II. PROCEDURAL BACKGROUND

On January 7, 2021, the Judicial Panel on Multidistrict Litigation created and transferred to this Court this multidistrict litigation (“MDL”). (ECF No. 1.) The MDL currently consists of 32 actions involving 47 Plaintiffs, all of which seek insurance coverage for business losses following the onset of COVID-19.[2]

After the actions in this MDL were transferred to this Court, the Court sought and received the parties' input on case administration matters, including whether the parties suggested that the Court resolve the fully briefed dispositive motions already pending in some of the member cases or instead sought to file a Consolidated Amended Complaint (“CAC”). (ECF No. 210, at 2.) The Court permitted Plaintiffs to file a CAC only if all Plaintiffs in the MDL desired to do so, agreed that the CAC would serve as the operative complaint moving forward, and agreed to not seek further leave to amend absent a change in intervening, controlling law, or the discovery of facts previously unknowable. (Id. at 9.) All but one Plaintiff requested to move forward with a CAC, and the Court allowed Plaintiffs to file a CAC on behalf of all but that one Plaintiff, Steven A. Udesky OD & Associates P.C., finding good cause to do so based on briefing from all parties. (ECF No. 224, at 1-3.) The Court then stayed without prejudice the action by Plaintiff Udesky pending the Court's disposition of an anticipated dispositive motion as to the CAC. (ECF No. 233.)

Plaintiffs filed the CAC on October 28, 2021. (ECF No. 228). In it, Plaintiffs assert nine claims for relief[3]: (1) declaratory relief for Plaintiffs and class members under Erie's Ultrapack Plus Policy (one of the two Erie policies at issue in this case), specifically a declaratory judgment that Plaintiffs' asserted business interruption losses are covered under that Policy (Count One); (2) the same declaratory relief sought at Count One but as to Plaintiffs and class members under Erie's UltraFlex Policy (the other of the two Erie polices at issue in this case) (Count Two); (3) relief for breach of contract on behalf of Plaintiffs and class members under the Ultrapack Plus Policy (Count Three); (4) relief for breach of contract on behalf of Plaintiffs and class members under the UltraFlex Policy (Count Four); (5) relief under Illinois law for bad faith denial of insurance on behalf of Illinois-based Plaintiffs and class members (Count Five); (6) relief under New York General Business Law § 349 on behalf of New York-based Plaintiffs and class members (Count Six); (7) relief under New York law for breach of the fiduciary duty of good faith and fair dealing on behalf of New York-based Plaintiffs and class members (Count Seven); (8) relief under West Virginia law for breach of the duty of good faith and fair dealing on behalf of West Virginia-based Plaintiffs and class members (Count Eight); and (9) relief under Tennessee law for breach of the duty of good faith and fair dealing on behalf of Tennessee-based Plaintiffs and class members (Count Nine). (ECF No. 228, at 62-74.)

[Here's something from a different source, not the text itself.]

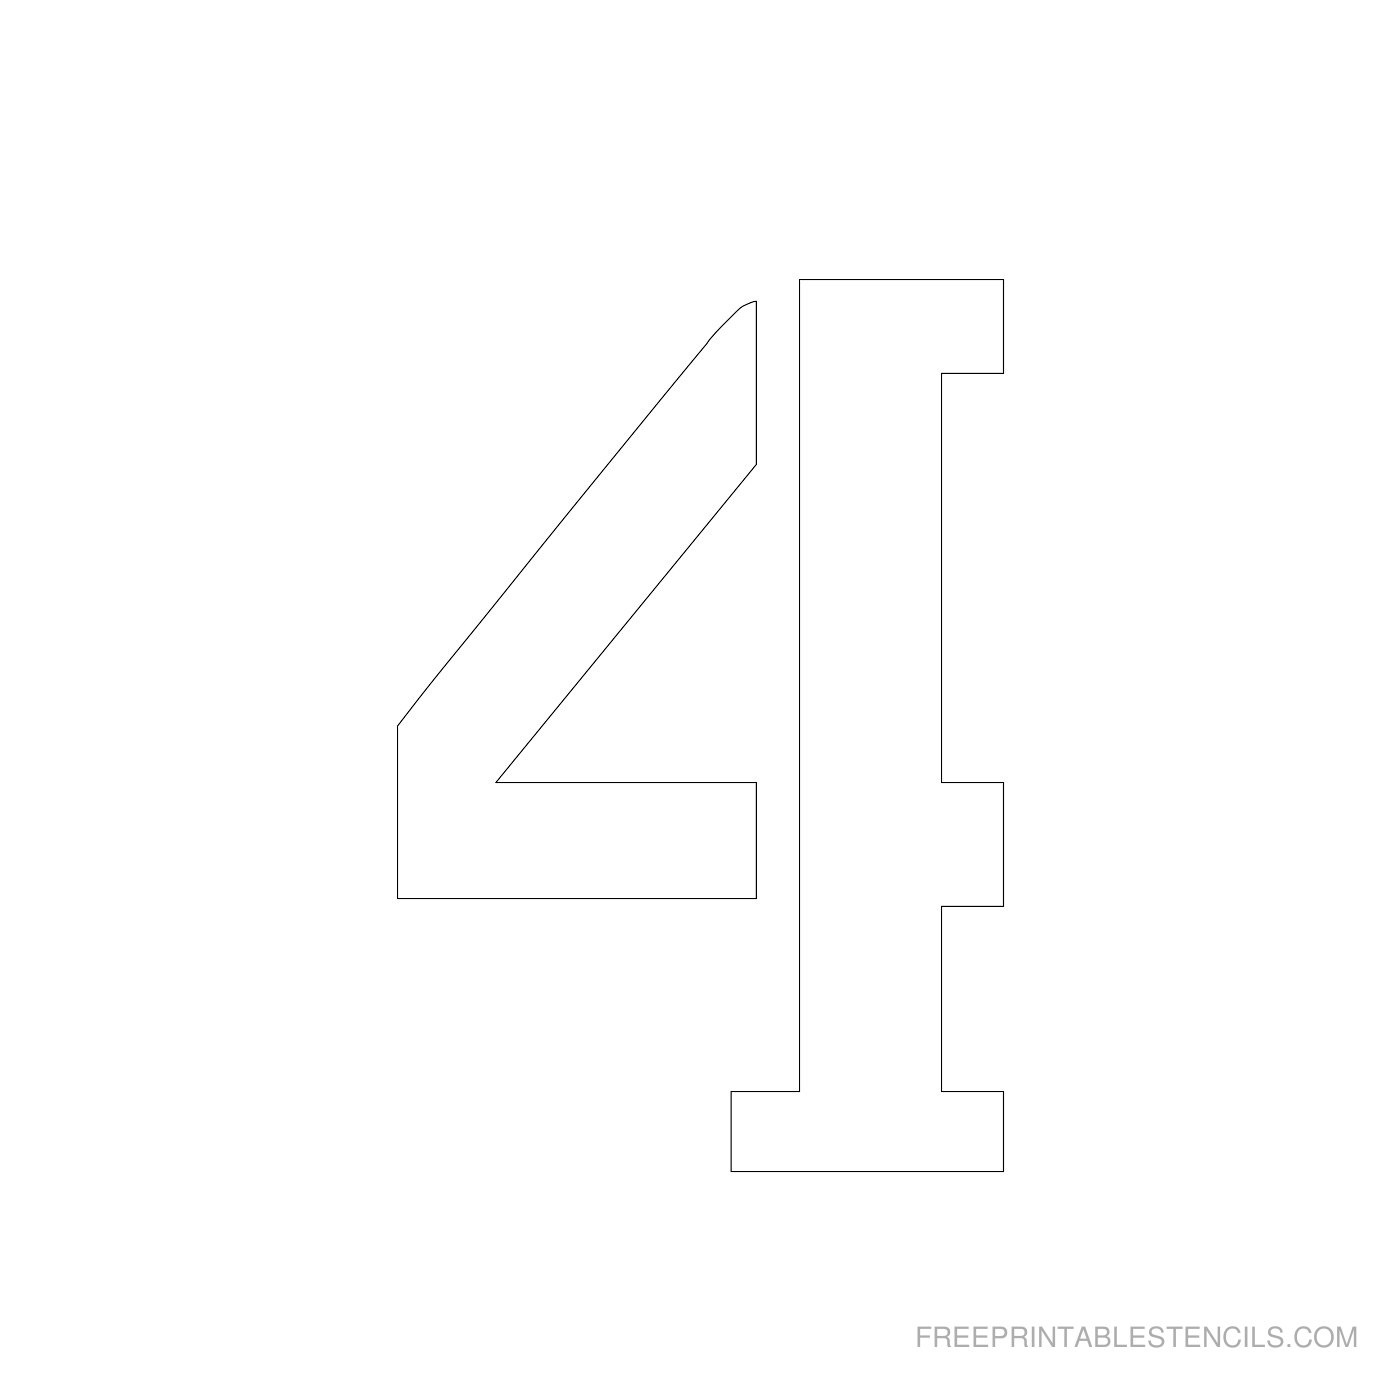 Printable 4 Inch Number Stencils 1-10   Free Printable Stencils - Free Printable 4 Inch Number Stencils

On January 10, 2022, Erie filed the pending Motion to Dismiss Counts One, Two, Three, and Four of the CAC pursuant to Federal Rule of Civil Procedure 12(b)(6) (ECF No. 238) and a brief in support of the Motion (ECF No. 239). Pursuant to a stipulation by the parties that this Court approved, the Motion to Dismiss seeks dismissal only of Counts One, Two, Three, and Four, and Erie's deadline to respond to the remaining asserted Counts is currently stayed without prejudice pending the Court's decision as to the Motion to Dismiss Counts One through Four. (See ECF No. 236, at 1.)[4] Plaintiffs filed their Brief in Opposition to the Motion to Dismiss on March 21, 2022 (ECF No. 246), and Erie filed its Reply Brief on April 11, 2022 (ECF No. 249). Oral argument as to the Motion to Dismiss occurred on May 16, 2022 (ECF No. 263).[5] The parties have also filed various Notices of Supplemental Authority (ECF Nos. 252, 253, 258, 265, 266, 267, 268, 269, 272, 279, 280, 281, 282, 283, 284) while the Motion to Dismiss has been pending.

The Motion to Dismiss is now ripe for disposition.

III. FACTUAL BACKGROUND[6]
a. The Insurance Policies

Plaintiffs collectively consist of several businesses-such as retail stores, restaurants, car dealerships, hair salons, and dental practices-located in the District of Columbia, Illinois, Maryland, New York, Ohio, Pennsylvania, Tennessee, Virginia, and West Virginia. (ECF No. 228 ¶¶ 17-63.) At the times relevant to these actions, each Plaintiff had a contract of “all risk” commercial property insurance with Erie. (Id. ¶¶ 69, 72.) The contract was either the Ultrapack Plus Policy or the UltraFlex Policy (collectively, “the Policies”). (Id. ¶ 73.) Both Policies “provide substantially identical coverages in relevant part.” (Id. ¶ 74.)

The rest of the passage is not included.